The cemented carbide extruded material according to claim 1, wherein a part of the material is replaced with at least one of a transition metal carbide, nitride, and carbonitride. 3. A cutting tool comprising a hard film formed on the surface of the cemented carbide according to claim 1 or 2. 4. In producing the cemented carbide material according to claim 1, WC contains 70% by mass or more and the balance is C.

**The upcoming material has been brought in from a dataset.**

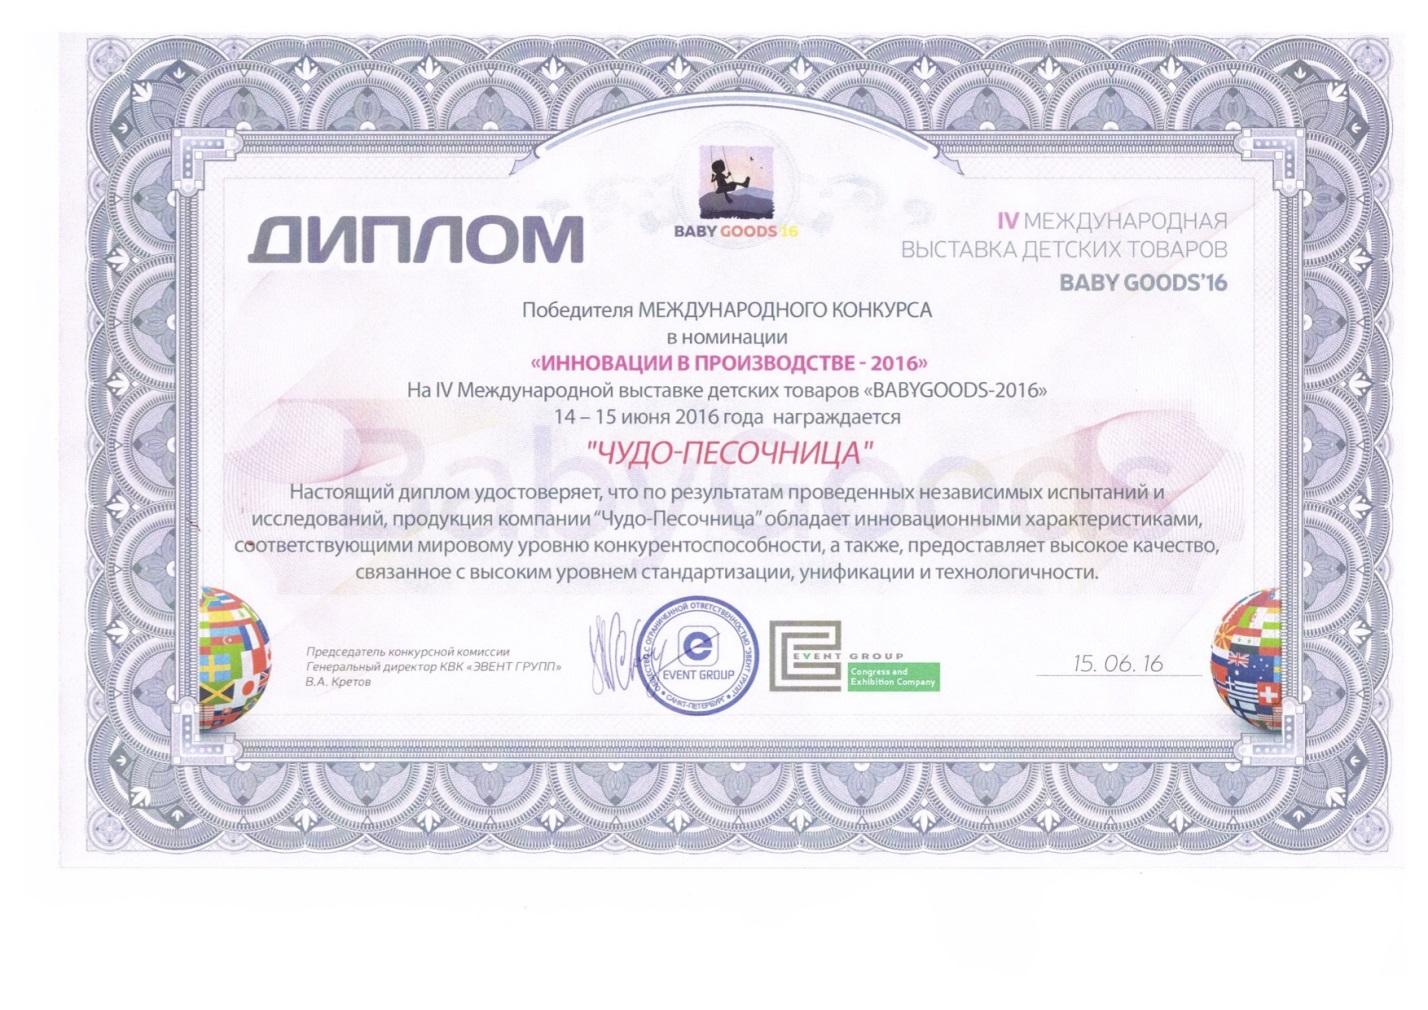 http://i.sand-therapy.ru/u/f8/6ec07e3f6911e69323aa3195ef3988/-/%D0%B4%D0%B8%D0%BF%D0%BB%D0%BE%D0%BC%20001.jpg

o, Ni and Fe are mixed so as to contain at least one iron group element selected from the group consisting of
m and an extruded material having a relative density of 90% or more, an extruded material having an extruding ratio of 4 or more at a liquid phase appearance temperature or more and an extruding speed (stem speed × extrusion ratio) of 4
A method for producing a cemented carbide extruded material, characterized in that the material is hot extruded so as to have a pressure of 0 to 4000 mm / sec. 5. A WC such that it is 35% by mass or less of the total amount.
5. The method according to claim 4, wherein an extruded material in which a part of the material is replaced with at least one of a transition metal carbide, nitride and carbonitride is used. 6. The method according to claim 4, wherein the extruded material is loaded into a metal capsule with a hardly sinterable material disposed around the extruded material, and the capsule is extruded.